WKAZ-FM (107.3 MHz, "107.3 KAZ") is a radio station licensed to Miami, West Virginia. Owned by West Virginia Radio Corporation, it broadcasts a country music format serving the Charleston area.

History
When the station was initially launched, it was known as “Country Heaven 107“, broadcasting from Miami (Cabin Creek) West Virginia.  Its call letters were WVCM, which stood for “West Virginia’s Country Music“.

In 1987, after it and WXIT-AM were acquired by Empire Broadcasting, the format was changed to a “light pop“ format, and the station was known as “Lite 107“.  The call letters were subsequently changed to WLZT to signify the “lite“ element of the station.

In early 1989, the station would switch to an oldies format, keeping the WLZT call sign, and the tag became “Z–107“.  

Bristol Broadcasting Company acquired the station circa 1992, and briefly changed the format to the CD Country satellite feed format.  They retagged the station as “QBE2“, designating it as a high sound quality, continuous music companion to Bristol’s main country station in the market, WQBE.

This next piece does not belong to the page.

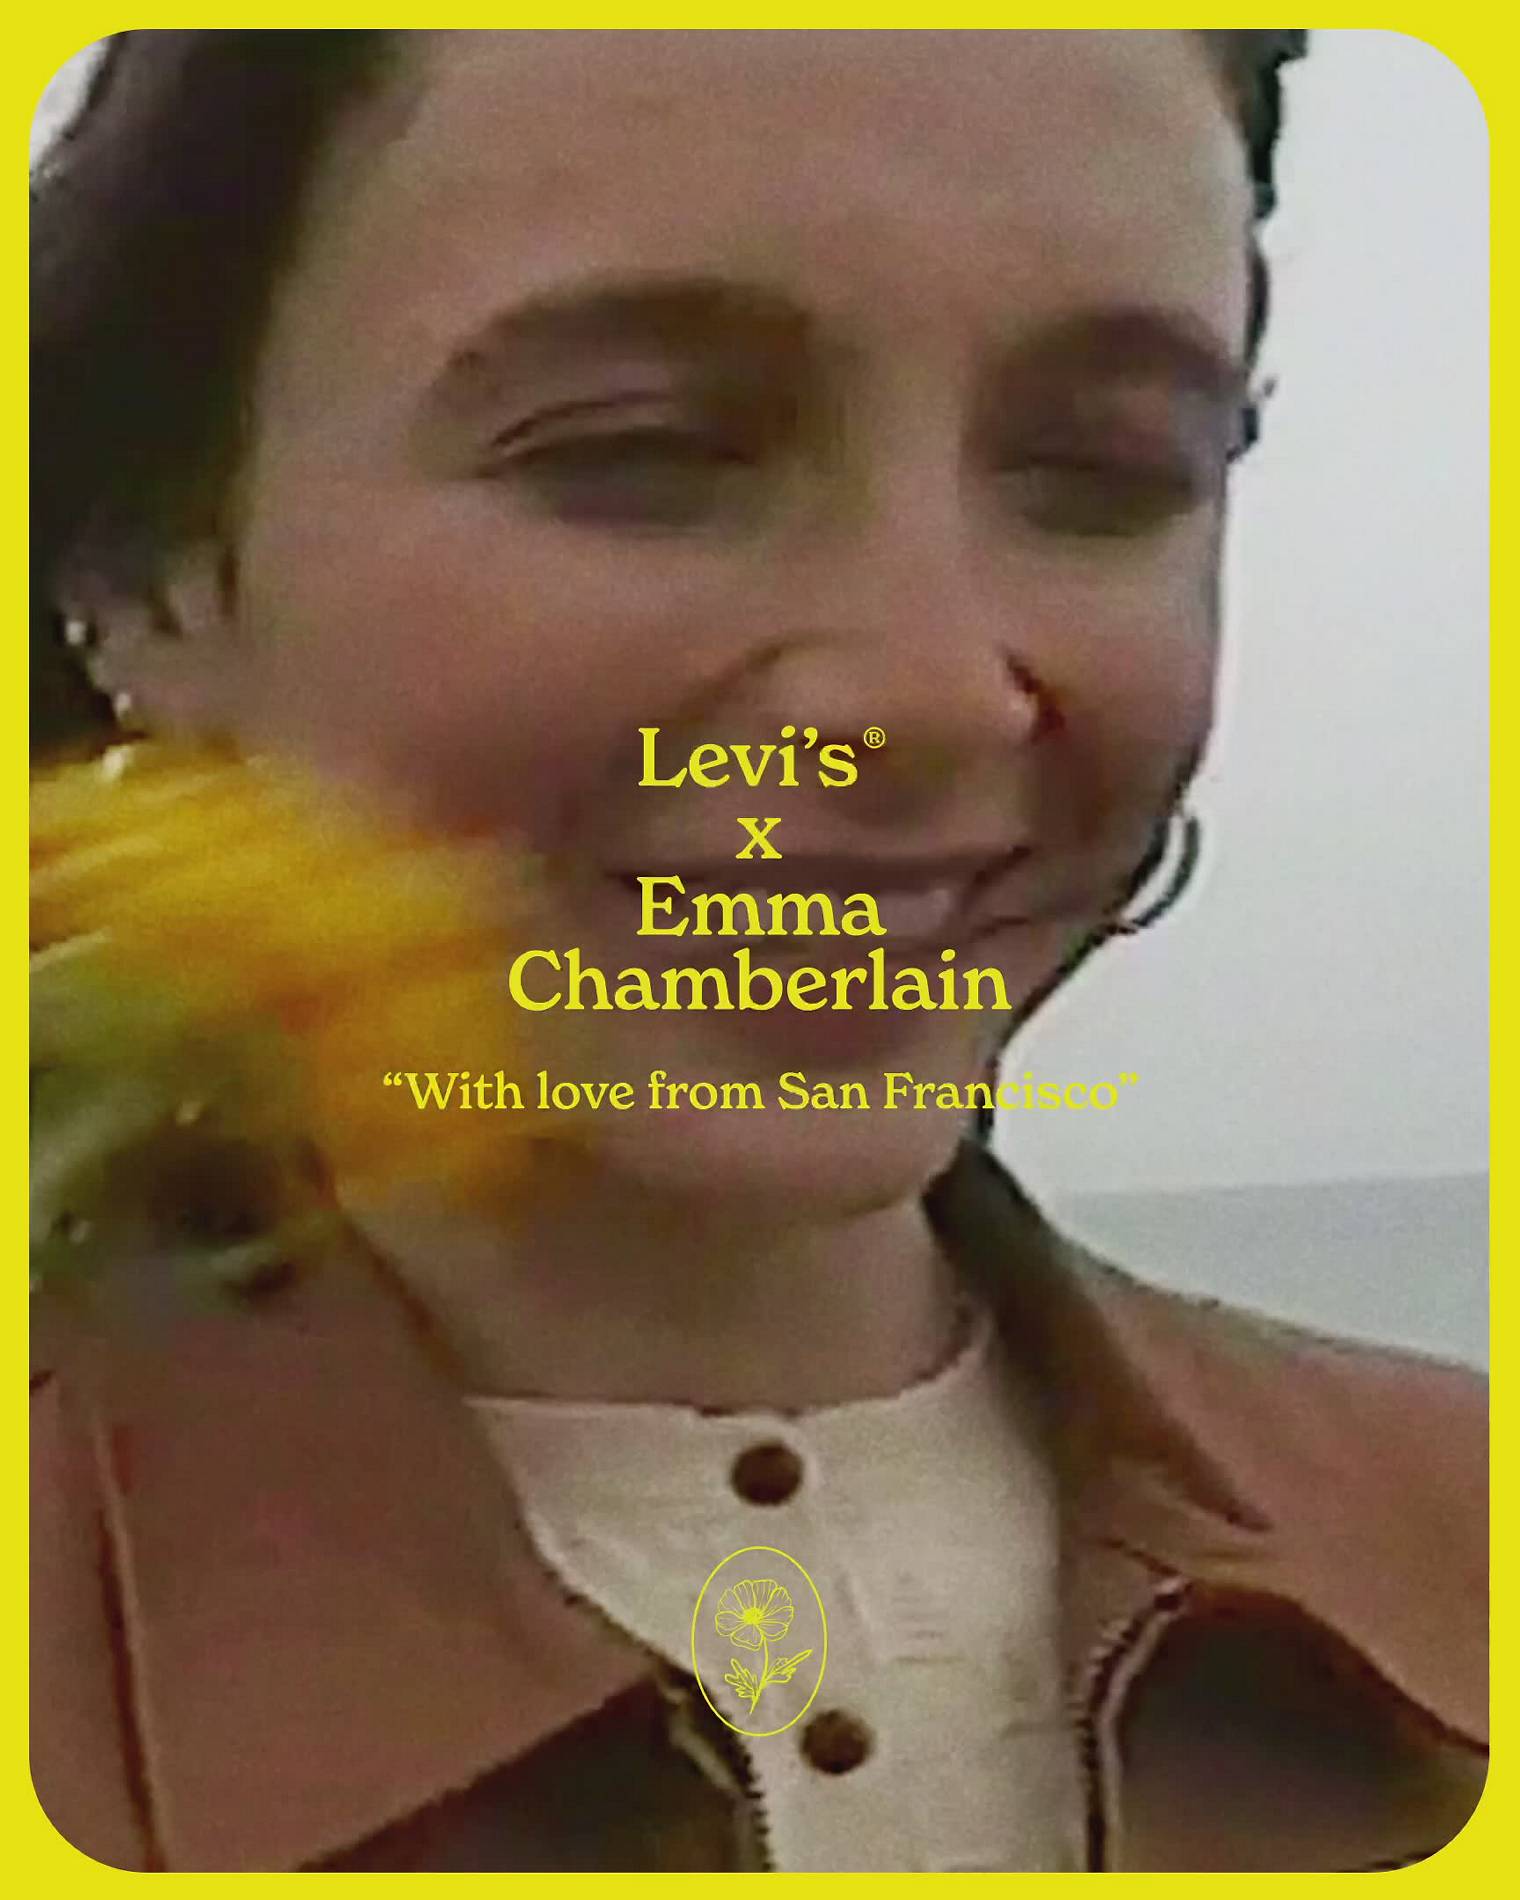 Photo of Emma Chamberlain posing in Levi's® x Emma Chamberlain clothing against a desert backdrop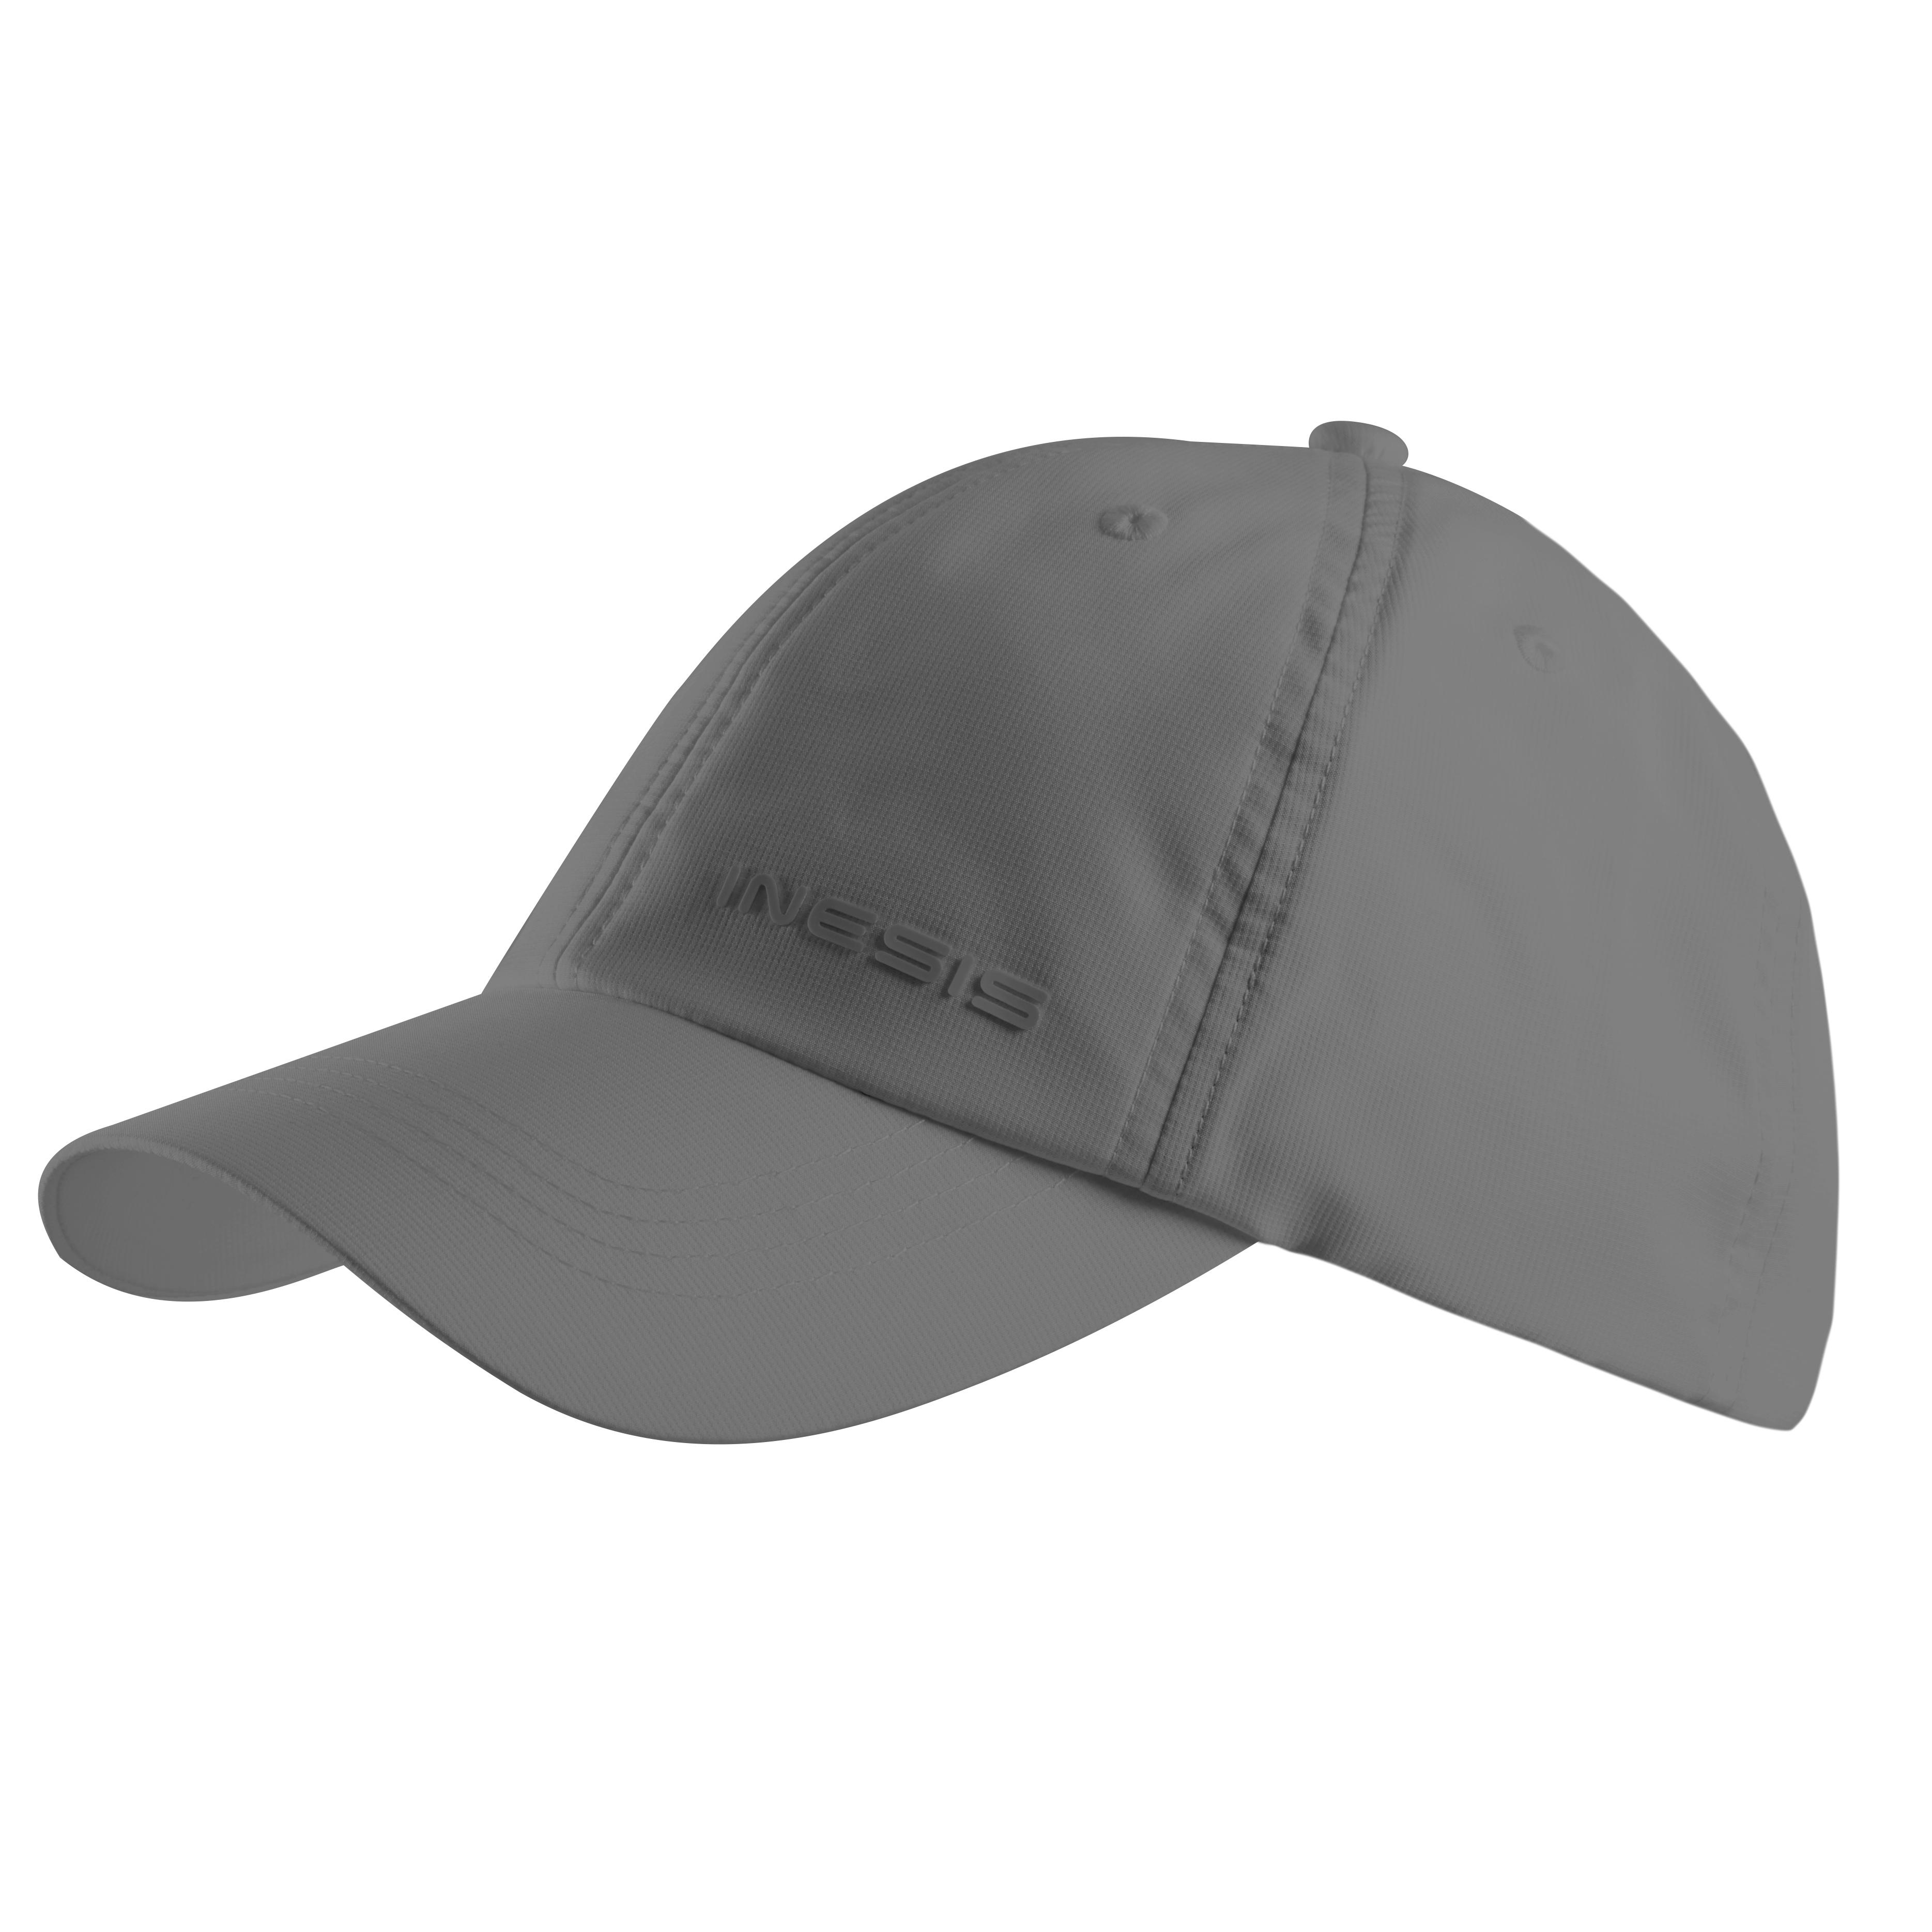 Golf Cap - WW 500 Dark Grey - INESIS

After approximately a year, the station reverted back to oldies and adopted the dormant WKAZ callsign. Original WKAZAM – 95 personality Frank George hosted an all request hour at noon on weekdays.

The West Virginia Radio Corporation purchased WKAZ-FM and WSWW-AM in 1995.  It initially had an all-70s format until Spring 1997. 

Around that time, sister station 580 WCHS would move its oldies format to WKAZ-FM in favor of a news and talk radio format. 

In 2006, WKAZ flipped from Oldies to Adult Hits under the "Jack FM" branding, using the ABC Radio satellite feed. 

In March 2007, after the Jack FM format was not well received by listeners in the area, WKAZ-FM restored the previous oldies format using Tom Kent's "Classic Top 40" branding. It positioned itself as "107.3 WKAZ-FM, Classic Top 40".

On April 25, 2012, WKAZ-FM changed its format to classic rock, branded as "107.3 K-Rock".

On August 8, 2014, after stunting for a day with patriotic-themed songs, WKAZ-FM flipped to an eclectic format as Tailgate 107.3. Positioned as a "no rules" format featuring "Party Songs for Party People", the station played a broad mix of current pop and country music, as well as classic hits spanning as far back as the 1970's.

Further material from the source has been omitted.